Anthologies are rich in cruel juxtapositions. While finishing an article last year I needed to check the text of Scott's 'Coronach' as it appears in a particular edition of Palgrave's Golden Treasury. The library let me down, and with a deadline approaching I had to buy a copy on the Charing Cross road, so I ended up re-reading the whole collection. The Treasury is a superb gathering, and there is little that is not of a high standard. Nonetheless, it could have been designed to make one particular point: 'Mr Shakespeare', to use Pound's famous remark on Eliot's plays, 'retains his position.'
Specifically, the selections in the Golden Treasury show Shakespeare to great advantage in his handling of verse, with long and complex passages uninterrupted by any awkward turn of syntax. Weaker writers more often resort to relocated phrases in search of a rhyme or a convenient rhythm, but Shakespeare almost never employs such distortions or leaves the reader conscious of an artful disposition of material. By comparison the other authors in the anthology, nearly all of them first rank writers, appear clumsy and artificial.
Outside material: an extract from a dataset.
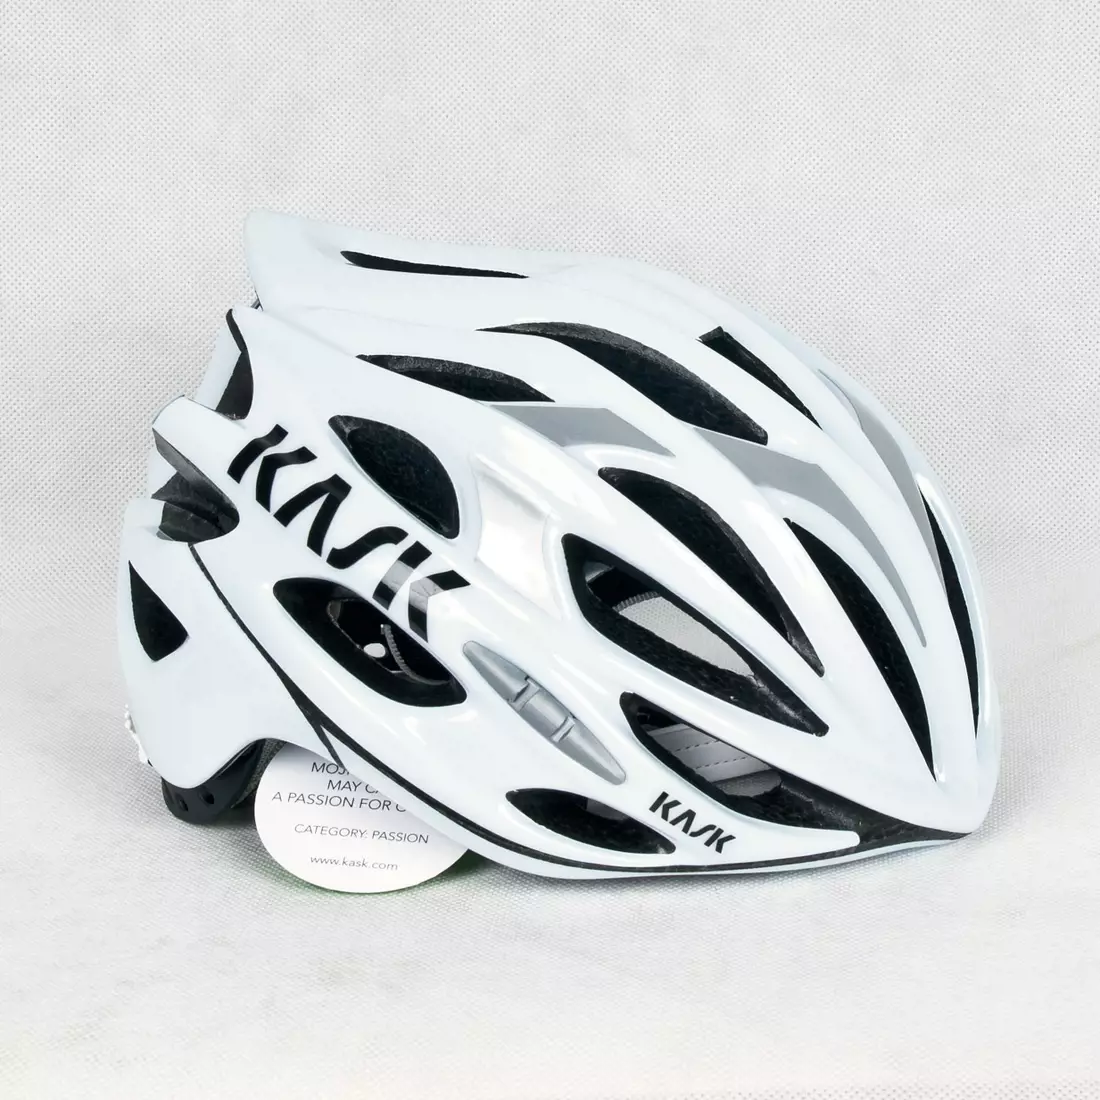 CASCA MOJITO - casca de bicicleta CHE00044.203 culoare: alb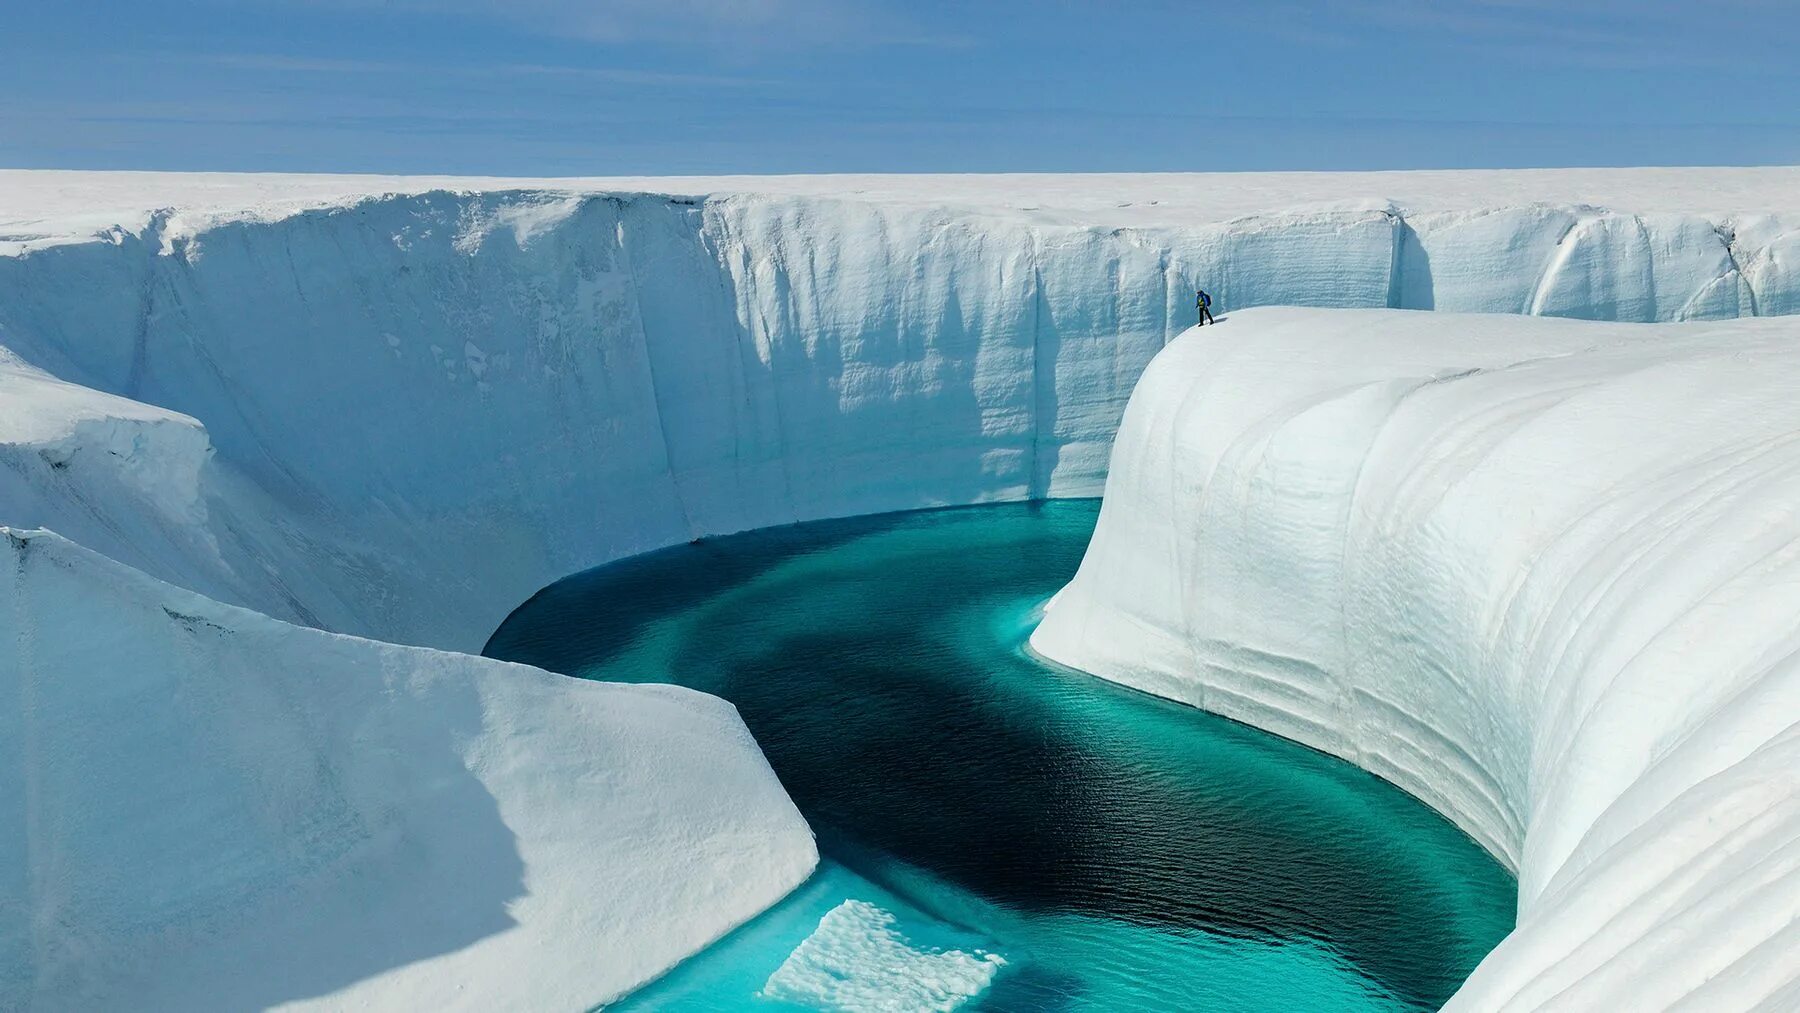 Ледяной каньон Гренландия. Большой каньон в Гренландии. Голубая река в леднике Гренландия. Ледник Булуус. Самой айс

Perhaps it is unfair to offer Milton's 'Ode on the Morning of Christ's Nativity' as an example, but the piece is not far off in the book and in spite of pleasant lines or shorter passages is conspicously ill at ease by comparison.
Shakespeare's quality is not facility alone, but sustained and extended performance, and he seems to have no equal. In Milton's defense it might be objected that he actually cared about what he was trying to express (hardly a sensible aim when writing in verse), and that perhaps Shakespeare did not. However, the author of the sonnets does not strike the reader as a 'tiresome fribble' who, like a barrister, can seem to mean what he is obliged to say. The simplest explanation available is likeliest; Shakespeare is pretty much all he is cracked up to be.